Forgiveness Work (Arzoo Osanloo, 2020)

Photo taken from medieval manuscript by Qotbeddin Shirazi (1236–1311), a Persian Astronomer. The image depicts an epicyclic planetary model.

In Forgiveness Work, Arzoo Osanloo offers ways of understanding an Islamic notion of justice by looking closer at experiences and infrastructures that illustrate the centrality of compassion and mercy in Iranian criminal law. She argues how the compulsion to forgive is rooted in the Qur’an and in the teachings of the Muhammad especially regarding the prescription of punishment in the Sunnah. In so doing, she traces the shifts that have taken place in Iranian society from an economy of debt to a morality of suffering; showing how the former has not completely disappeared as a consequence of the latter. For example, according to Islamic law, provided that a crime has not been committed against God, the judge offers the victim’s family an alternative: either qisas, a punishment imposed on the basis of the law of retaliation, thus implying death in case of murder; or the diya, reparation by a sum of money determined by the magistrate. According to Osanloo, the second formula is more often used than the first, but the judge often adds a prison sentence to the payment of the damage. (42)
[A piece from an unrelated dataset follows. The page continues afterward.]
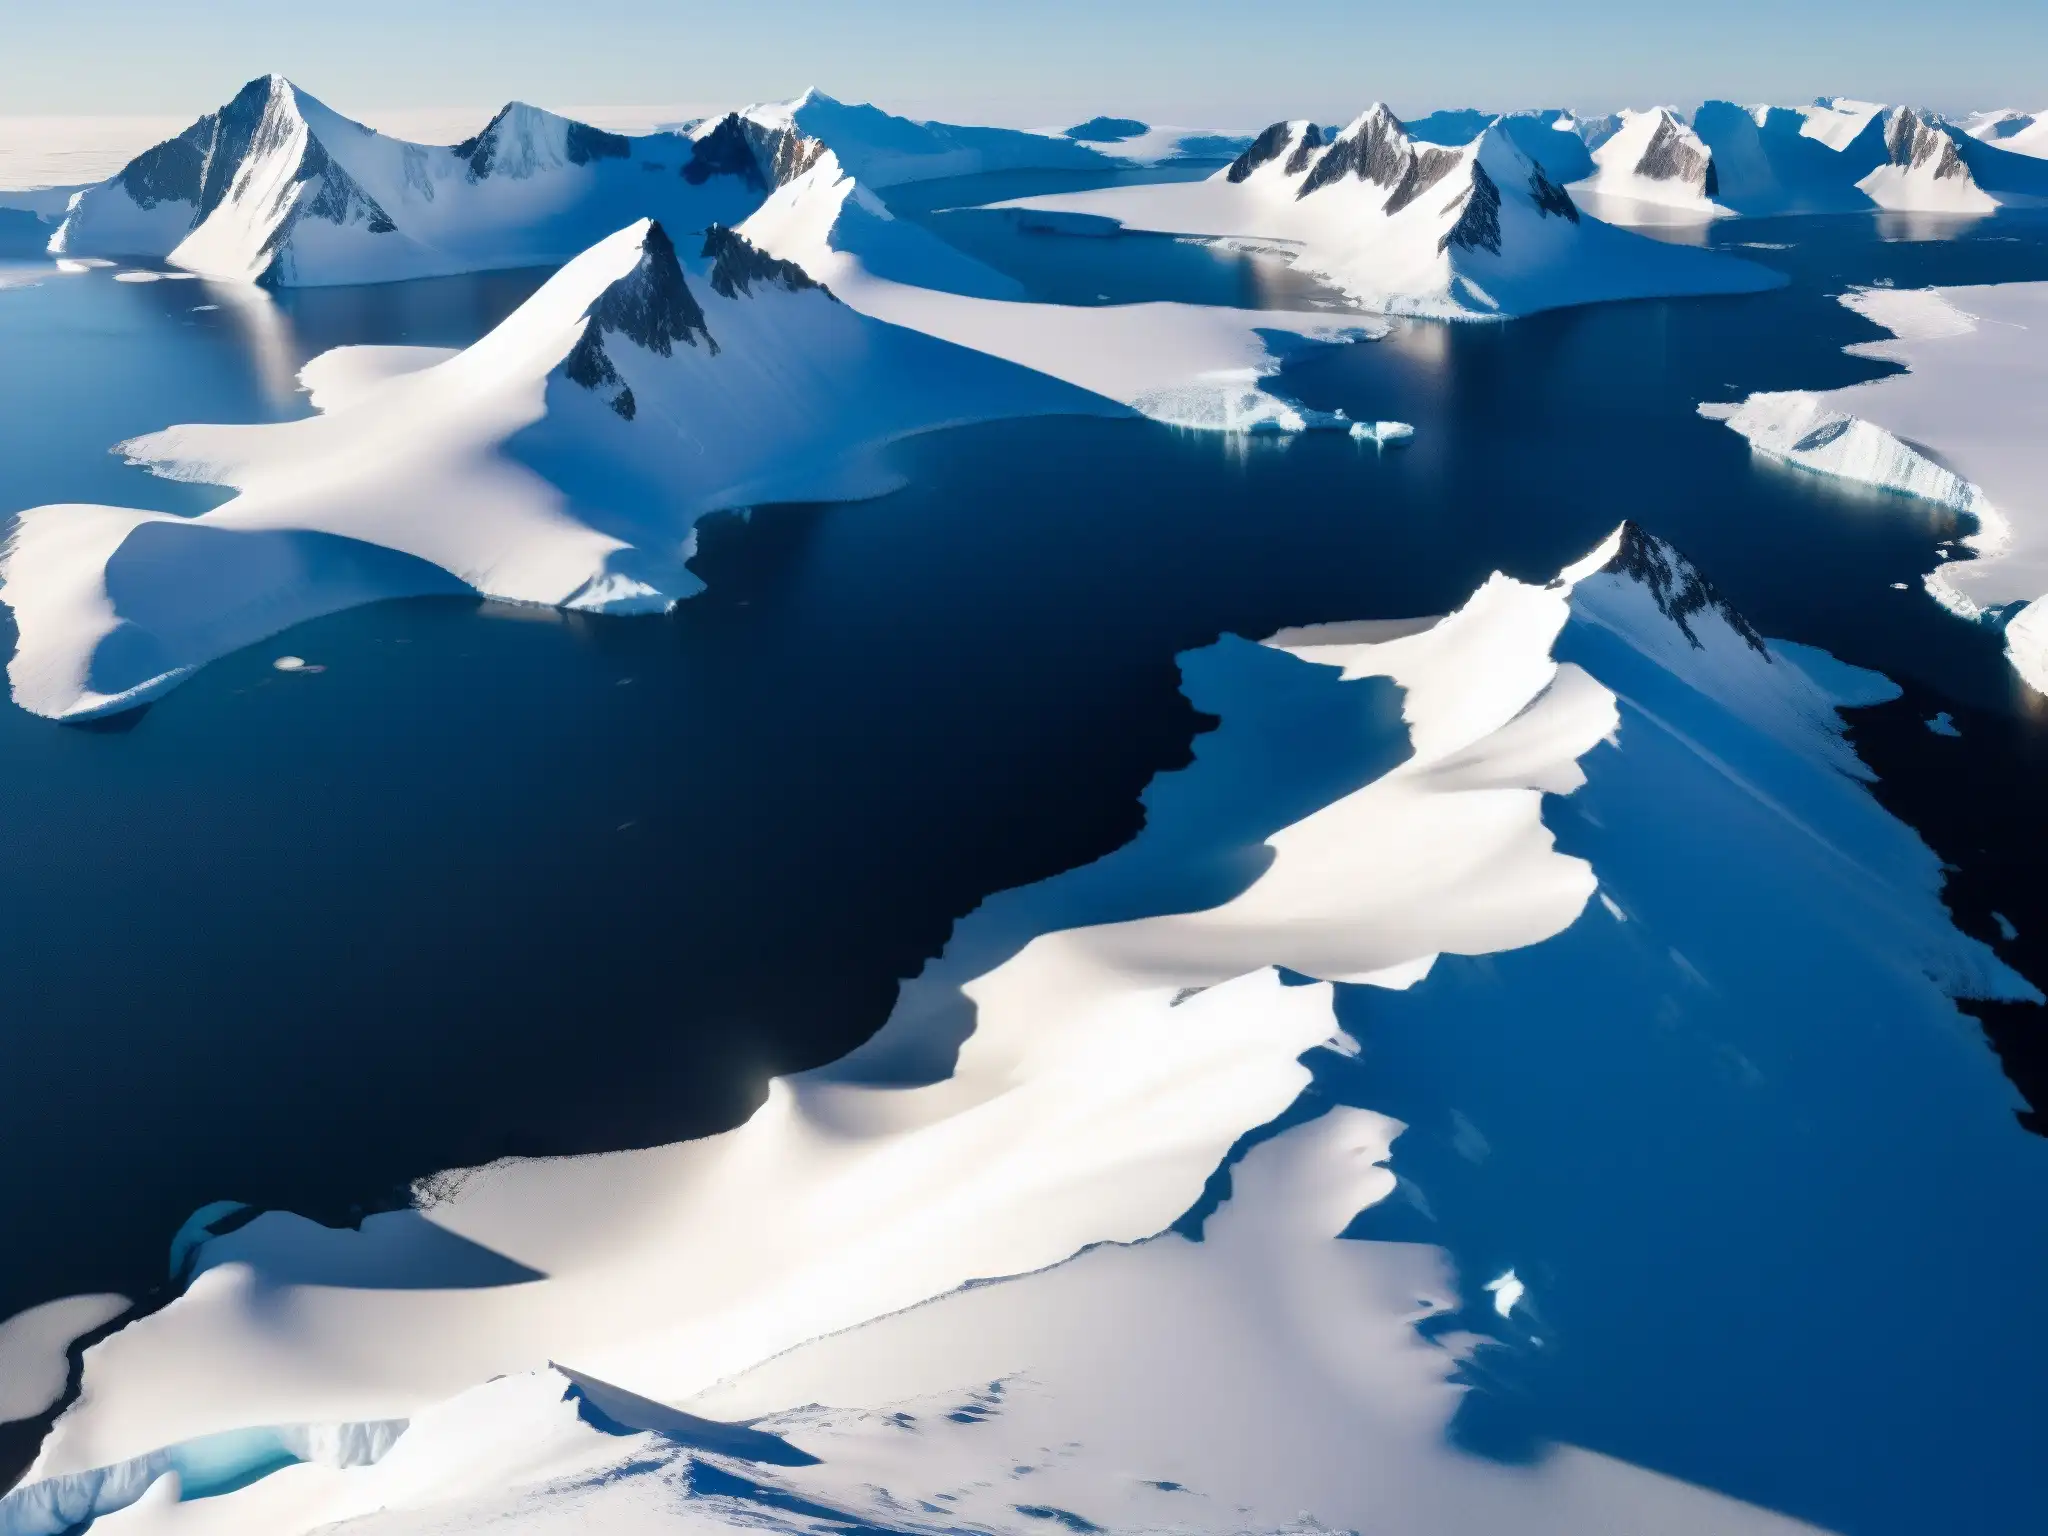 Imagen aérea de la Antártida con vasto paisaje helado, montañas escarpadas y estación de investigación, evocando misterios de bases alienígenas Antártida mitos leyendas

In view of this amalgamated practice of justice that has just been described, one might ask how does one rationalize the infliction of suffering in an Islamic notion of justice? Osanloo shows one stream of moral philosophy through an account of how Shahriyari appropriates Immanuel Kant who affirms that suffering is only justified insofar as it expiates the reprehensible act committed, independently of any social consequence, positive or negative. The penalty thus imposed is retributivist and must in principle be equivalent to the violation of the law or the norm (even execution in the event of murder). Another view of suffering which might have enhanced Osanloo’s discussion by drawing a contrast is one that follows Jeremy Bentham (of Panopticon fame) who posits that the suffering of the perpetrator of a crime is justified only insofar as it increases happiness in society, in other words, that it reduces crime. This can be by effect of neutralization (execution, imprisonment, exile), deterrence (for the individual and the community) and rehabilitation (through moral reform or social reintegration). The focus on the punitive aspect of Islamic justice during the last decades shows a shift in how justice is viewed or administered in the Western world which obscures the fact that provisions for the death sentence and also forbearance and compassion are systematically placed in the justice systems of modern nation-states (131). In fact, both the punitive and the merciful aspects exist in the juridical scaffoldings of the United States, albeit with key differences. Perhaps a minor note but one that illuminates so much about the importance of Osanloo’s scholarship is her observation that in Iran the right of retaliation belongs to the victim and their family, unlike in the United States where the state assumes this right.